Task prompt
Everything in the listing must be repeated exactly, apart from the images.

Source data
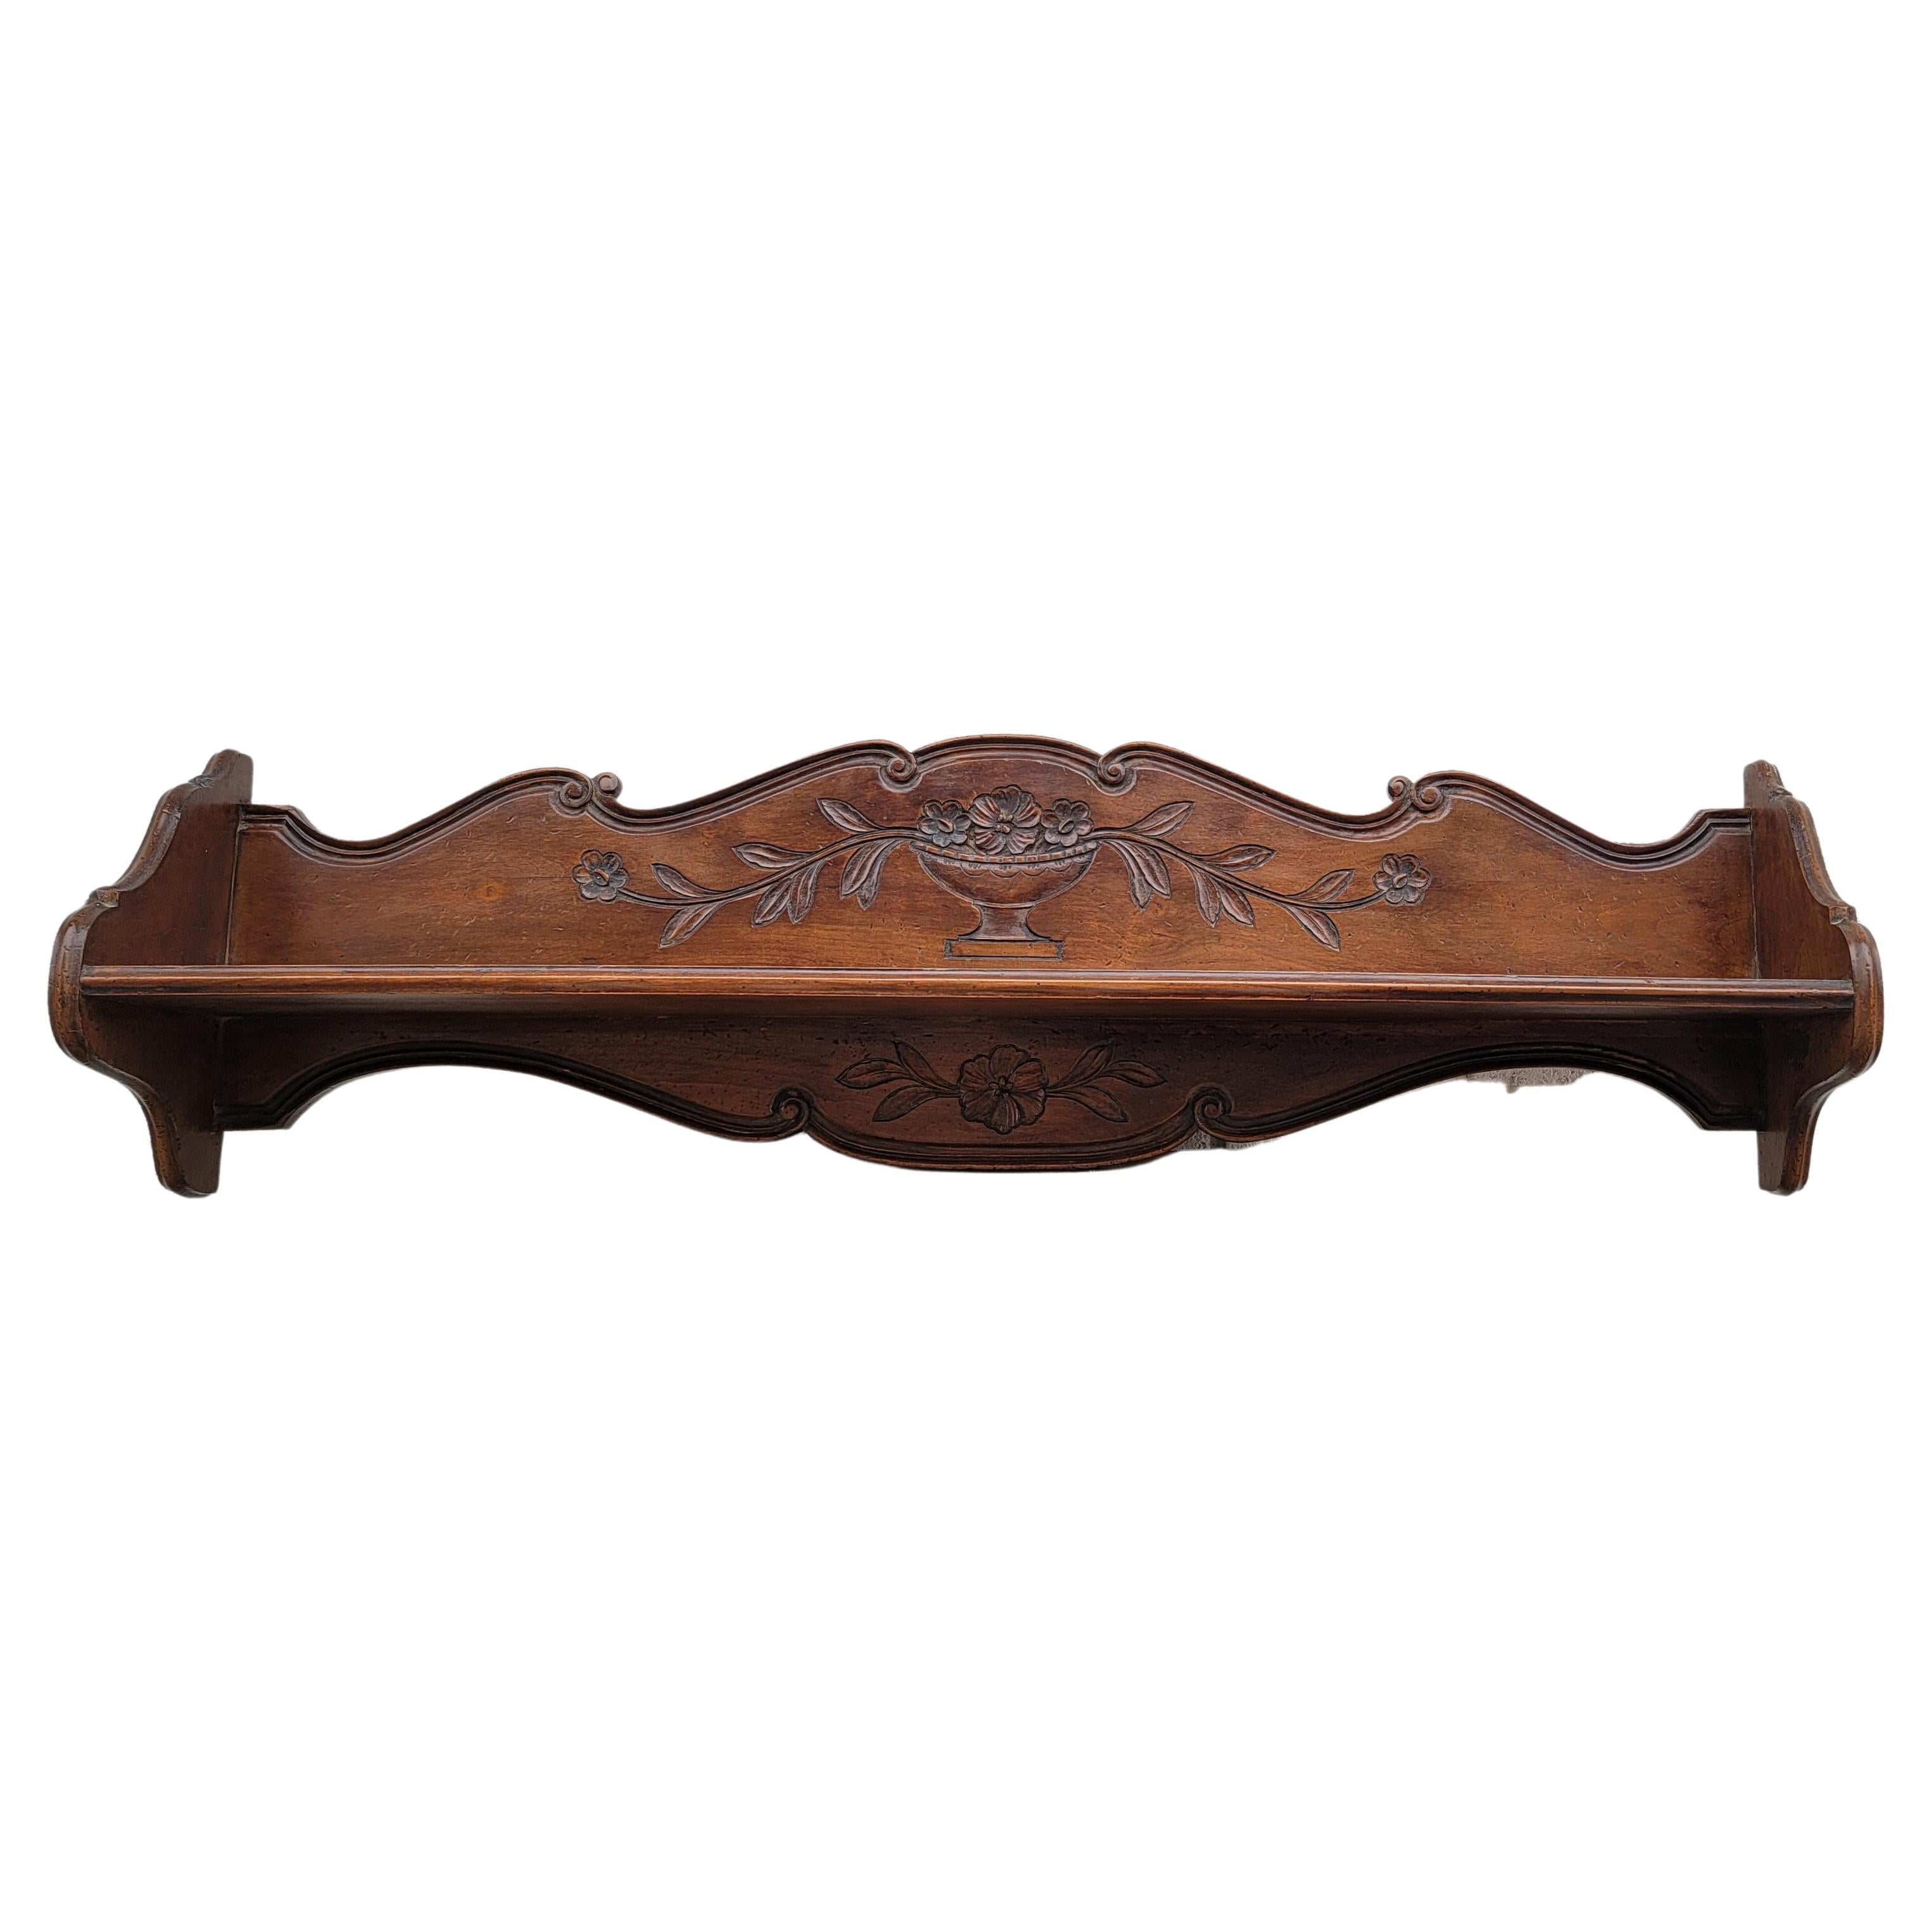 Large 47 inches Vintage, hand carved walnut French wall shelf. 
Numbered item made in France exclusively for Bloomingdale in the 1960s. 
Very good vintage condition.
Measures 47.25

Answer to this problem
 Large 47 inches Vintage, hand carved walnut French wall shelf. 
Numbered item made in France exclusively for Bloomingdale in the 1960s. 
Very good vintage condition.
Measures 47.25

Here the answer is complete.